Another finding is that the low-cost and regional airlines' business models afford these airlines the ability to weather uncertain times without the large employment reductions seen by the major carriers. One explanation is that these airlines are built around low fares driven by low costs of operation. The already lean nature of these airlines may make them more able at allocating personnel in a cost-effective manner. Regional airlines receive a boost during these periods as major airlines contract out routes to these airlines. The lower costs related to personnel and aircraft make them ripe candidates for substitution of major airline capacity. These changes ultimately diminish as demand recovers post uncertainty shock and major carriers resume mainline operations. Another important finding of this study is that certain categories of employees will face deeper workforce cuts than others. The occupations related to passenger handling at major airlines are noted as a category that is hardest hit and could benefit most from a safety net such as career transition assistance. The lower skilled employees at airlines appear to receive the majority of the impact from workforce reductions. This finding aligns with prior economic research related to workforce reductions due to uncertainty. The implications to policymakers from these findings are that resources should be devoted to the less skilled employees working at airlines. As many of these employees are not represented by labor unions, the at-will nature of their employment may make them more susceptible to workforce reductions (Slotnick, 2020). It would appear unlikely to organize all airline workers as airlines have increasingly lowered the percentage of organized workers in their employee counts via anti-union campaigns and outsourcing (Hiltzik, 2019).

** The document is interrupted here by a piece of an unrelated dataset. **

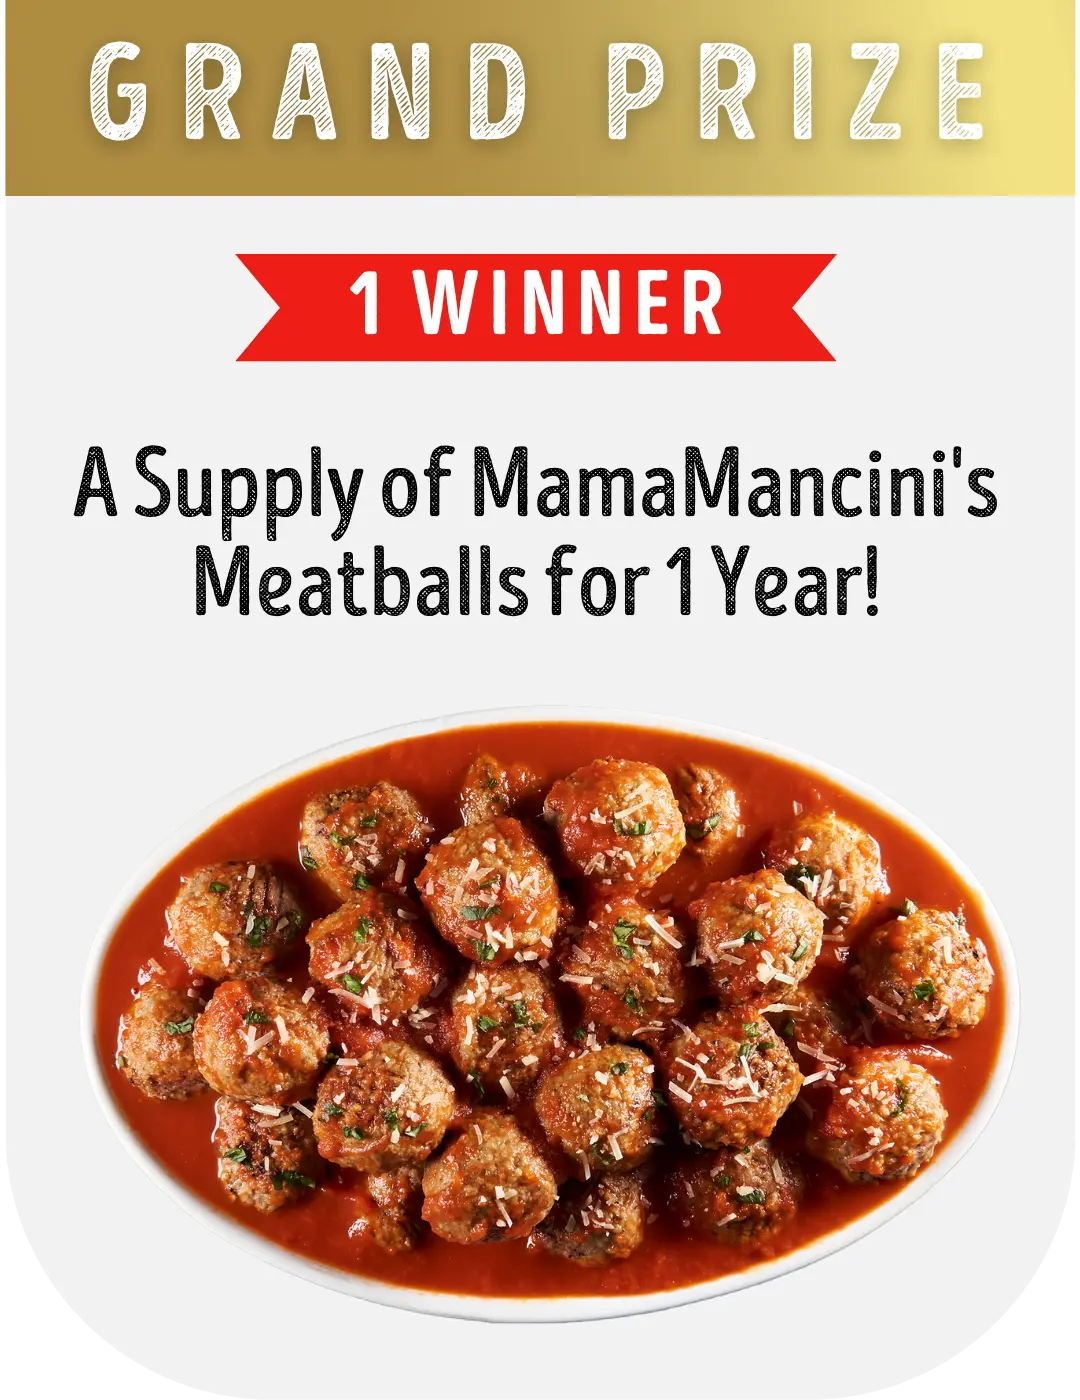 MM National Meatball Day Giveaway Prizes_Grand Prize.webp__PID:ea84d850-2f08-4b2c-9a1c-013a91339540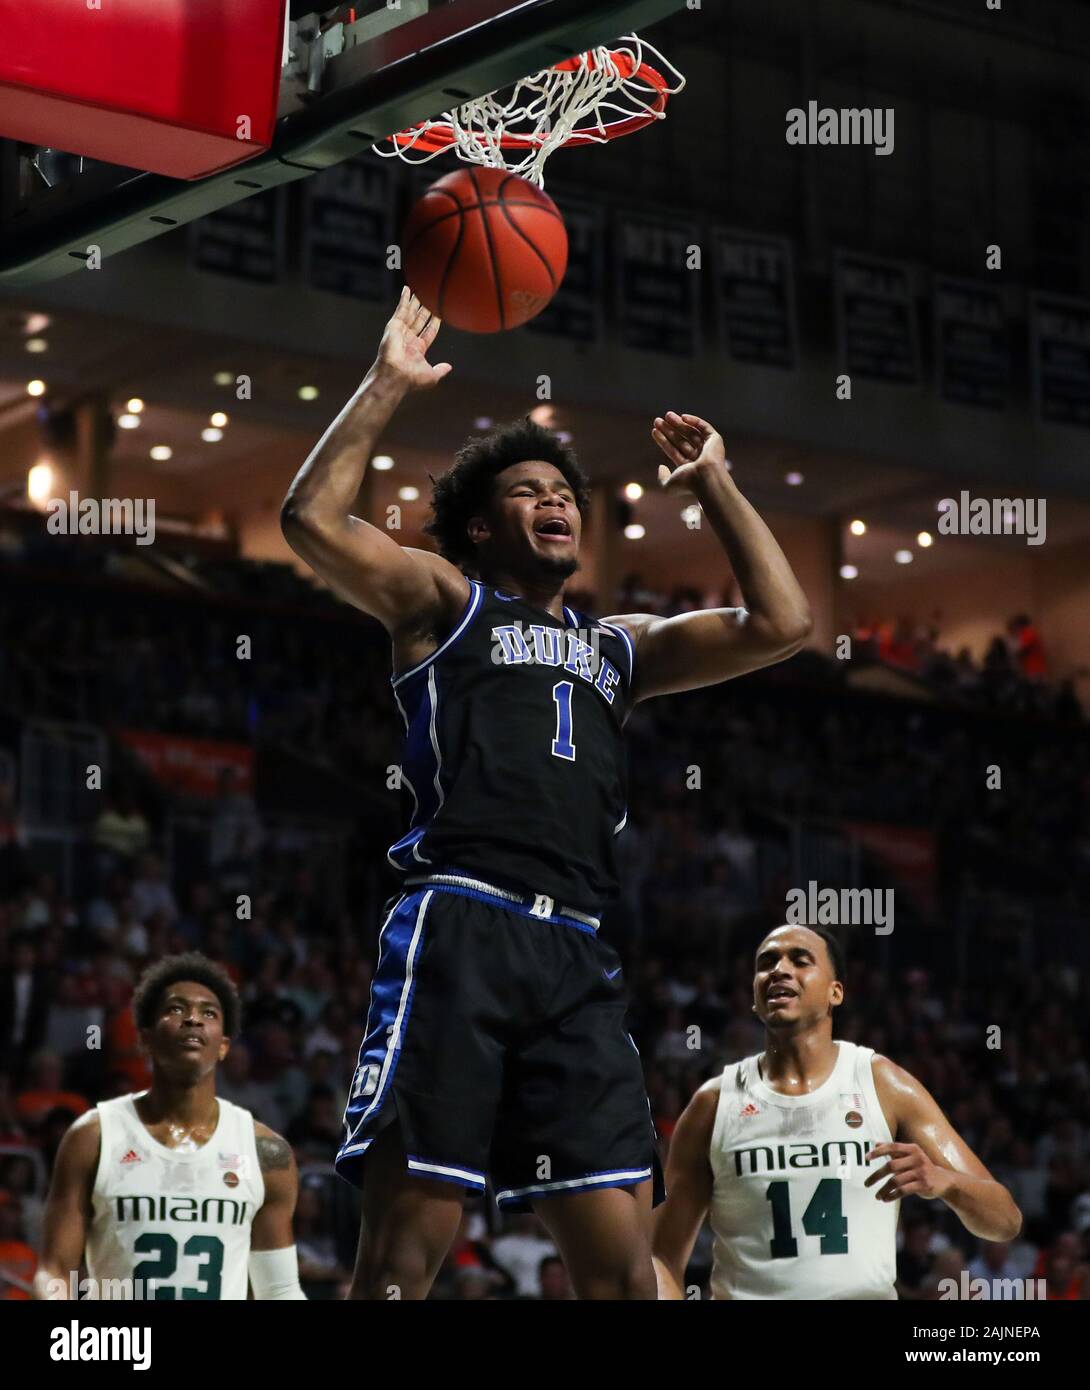 January 04, 2020: Duke Blue Devils center Vernon Carey Jr. (1) dunks the ball during the first half of an NCAA men's basketball game against the Miami Hurricanes at the Watsco Center in Coral Gables, Florida. Mario Houben/CSM Stock Photo

As COVID-19 continues to reduce air travel and airline capacity, future analyses could provide a more complete picture of the impacts by accounting for the indirect effects to employment. Although beyond the focus of this study, the implications to employment that is tied to the transport of passengers and cargo via air travel are vitally important. Without the related tourism, business travel, flow of goods, etc., these indirect employees will likely experience workforce reductions as well. An accurate account of both the direct and indirect effects would also highlight the truly vital nature of air transportation and the need to understand the dynamics of the industry to uncertainty shocks such as this one.